— Work order —
The required answer is the data below, restated word for word with images omitted.

— Supplied data —
BEGIN

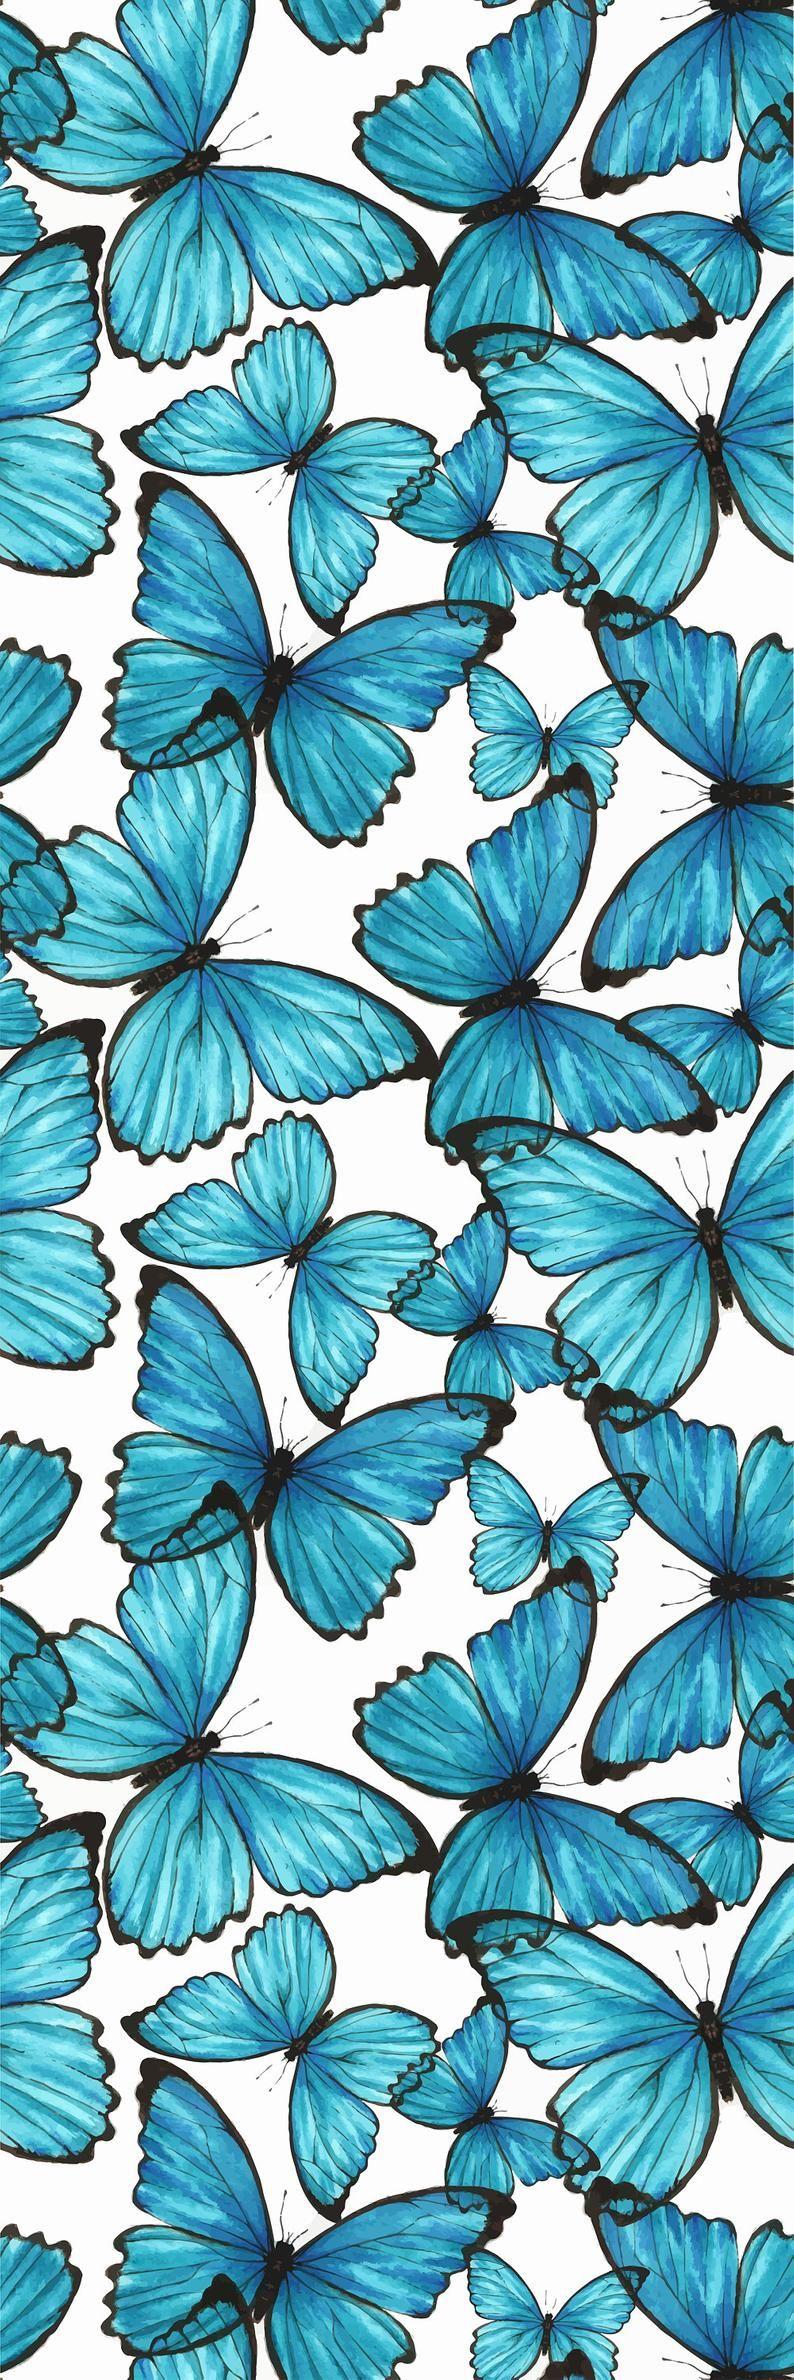 Removable Wallpaper Self Adhesive Blue Butterflies Nursery Wallpaper Peel & Stick Wallpaper #backrounds
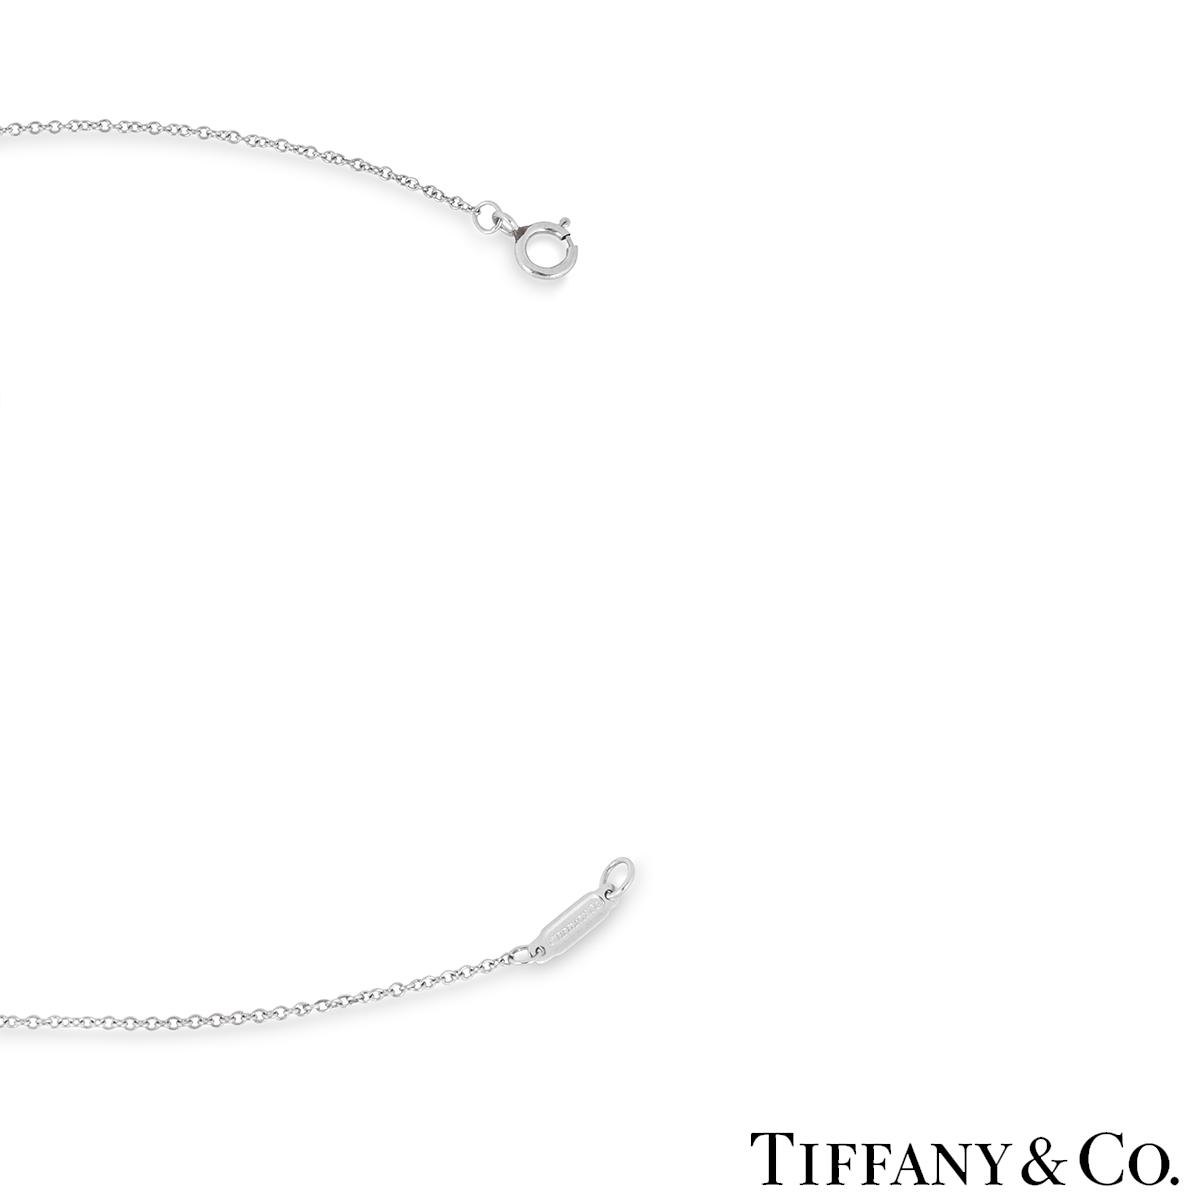 Tiffany & Co. Platinum Jazz Buckle Diamond Pendant
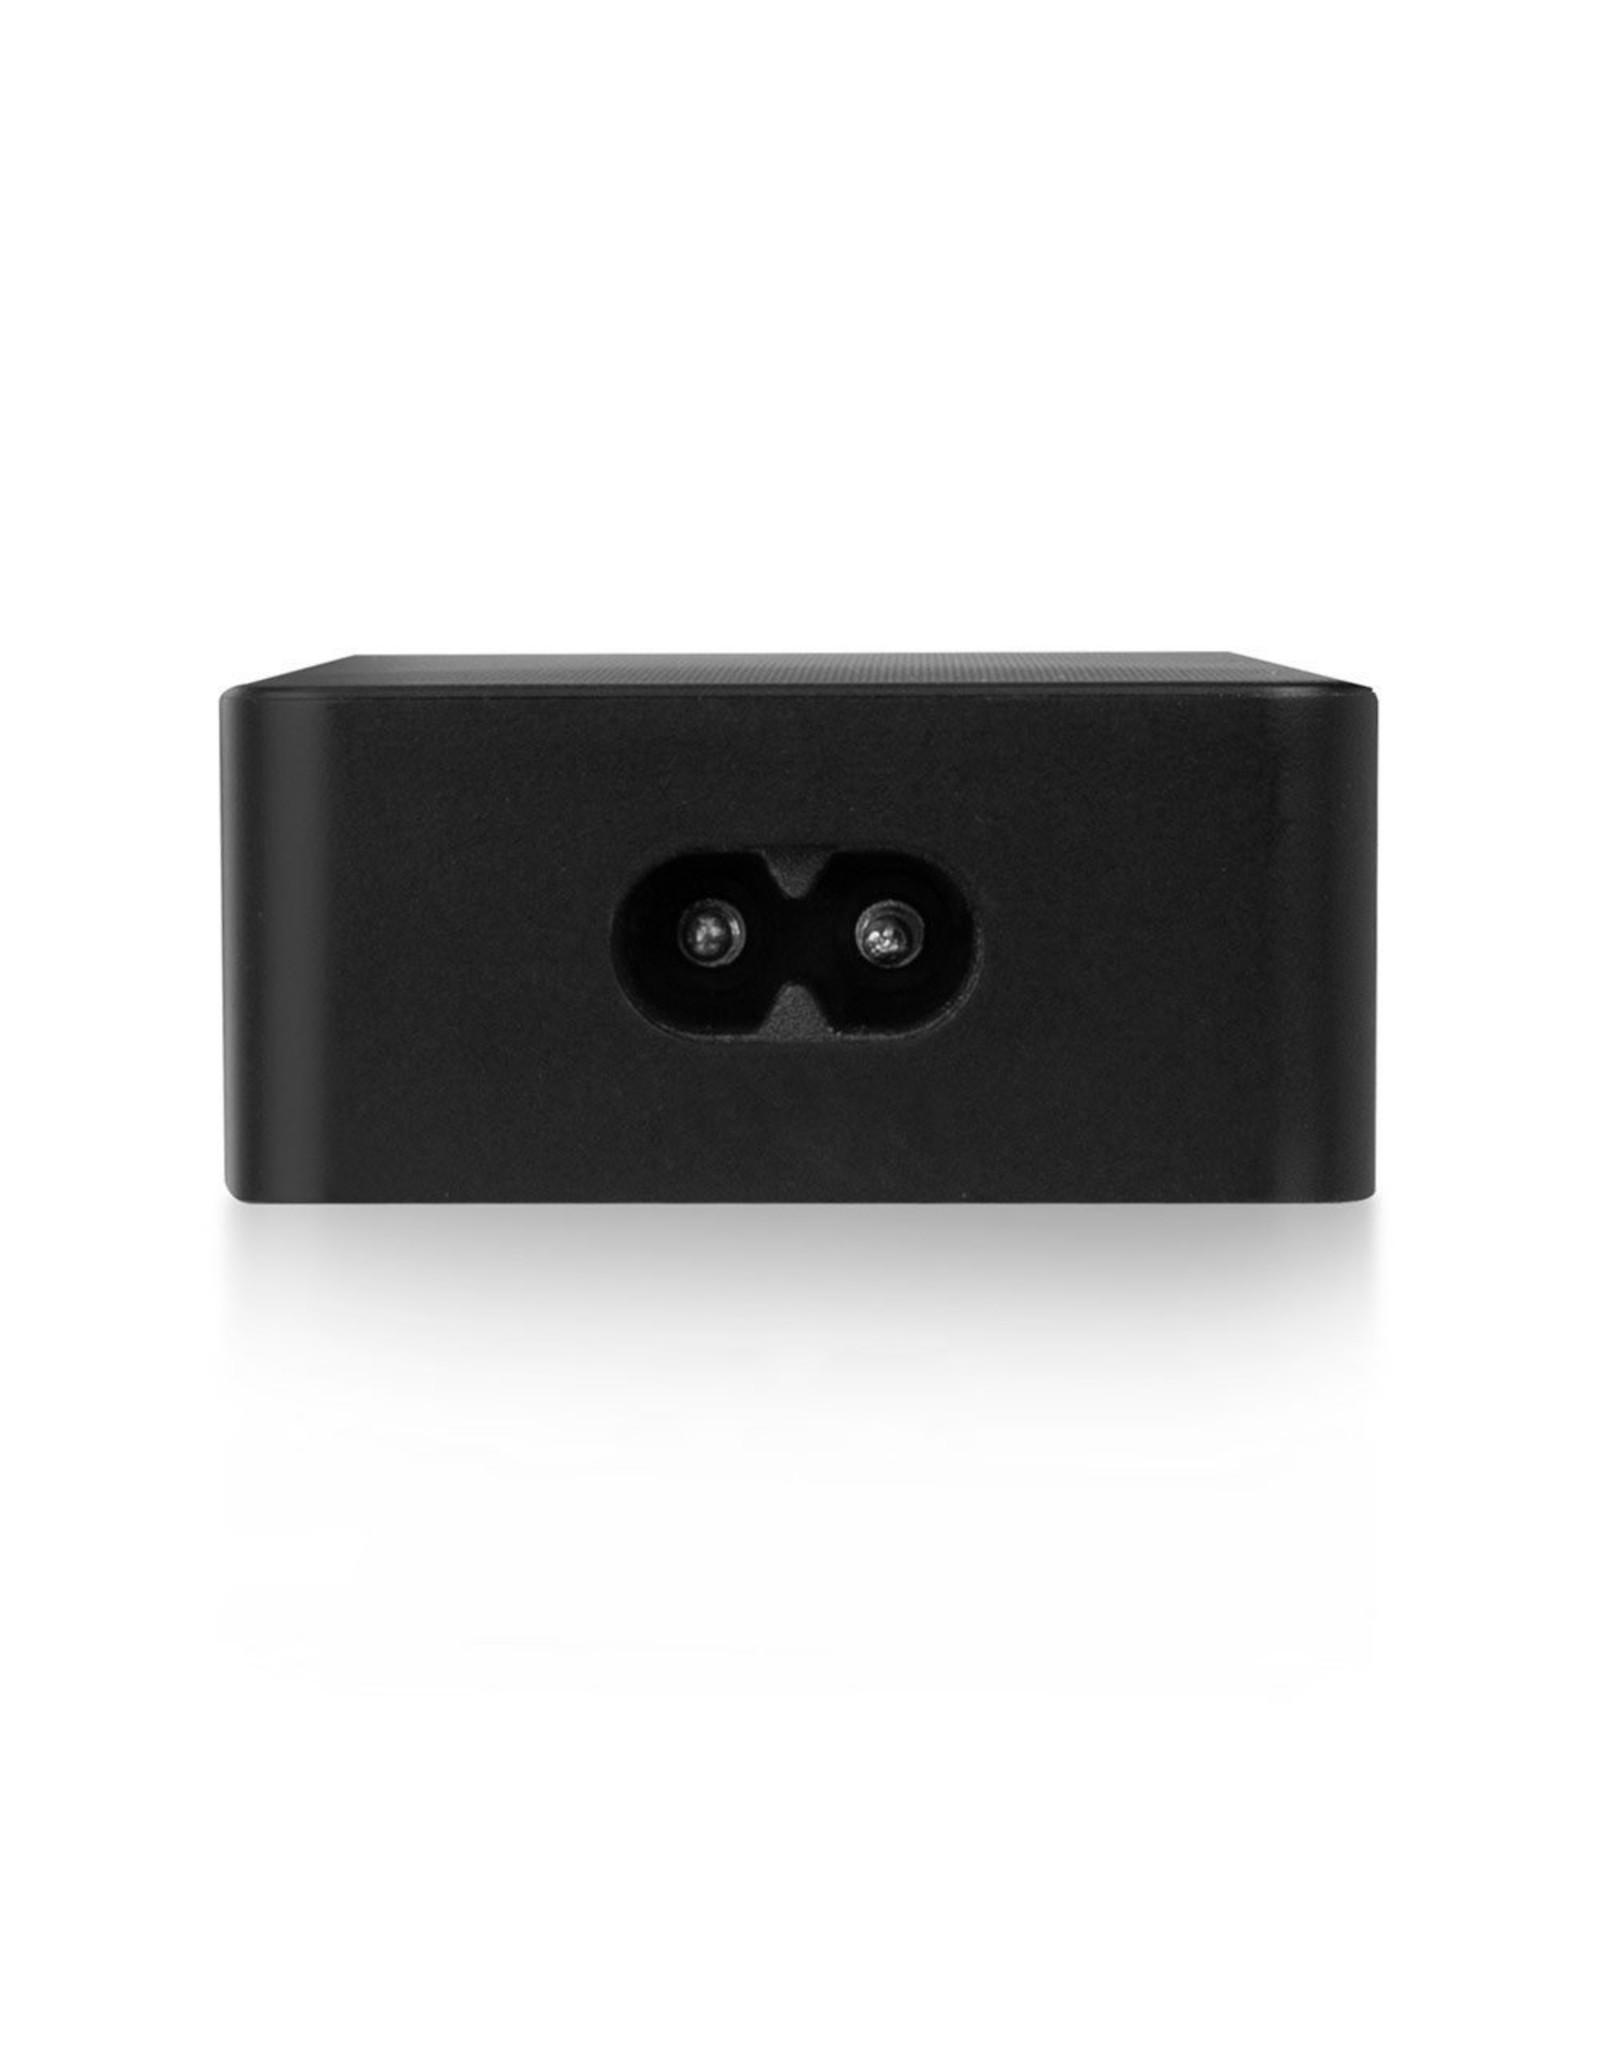 Ewent USB-C laptoplader met Power Delivery profielen 45W

END

— Solved problem —
 Removable Wallpaper Self Adhesive Blue Butterflies Nursery Wallpaper Peel & Stick Wallpaper #backrounds
 Tiffany & Co. Platinum Jazz Buckle Diamond Pendant
 Ewent USB-C laptoplader met Power Delivery profielen 45W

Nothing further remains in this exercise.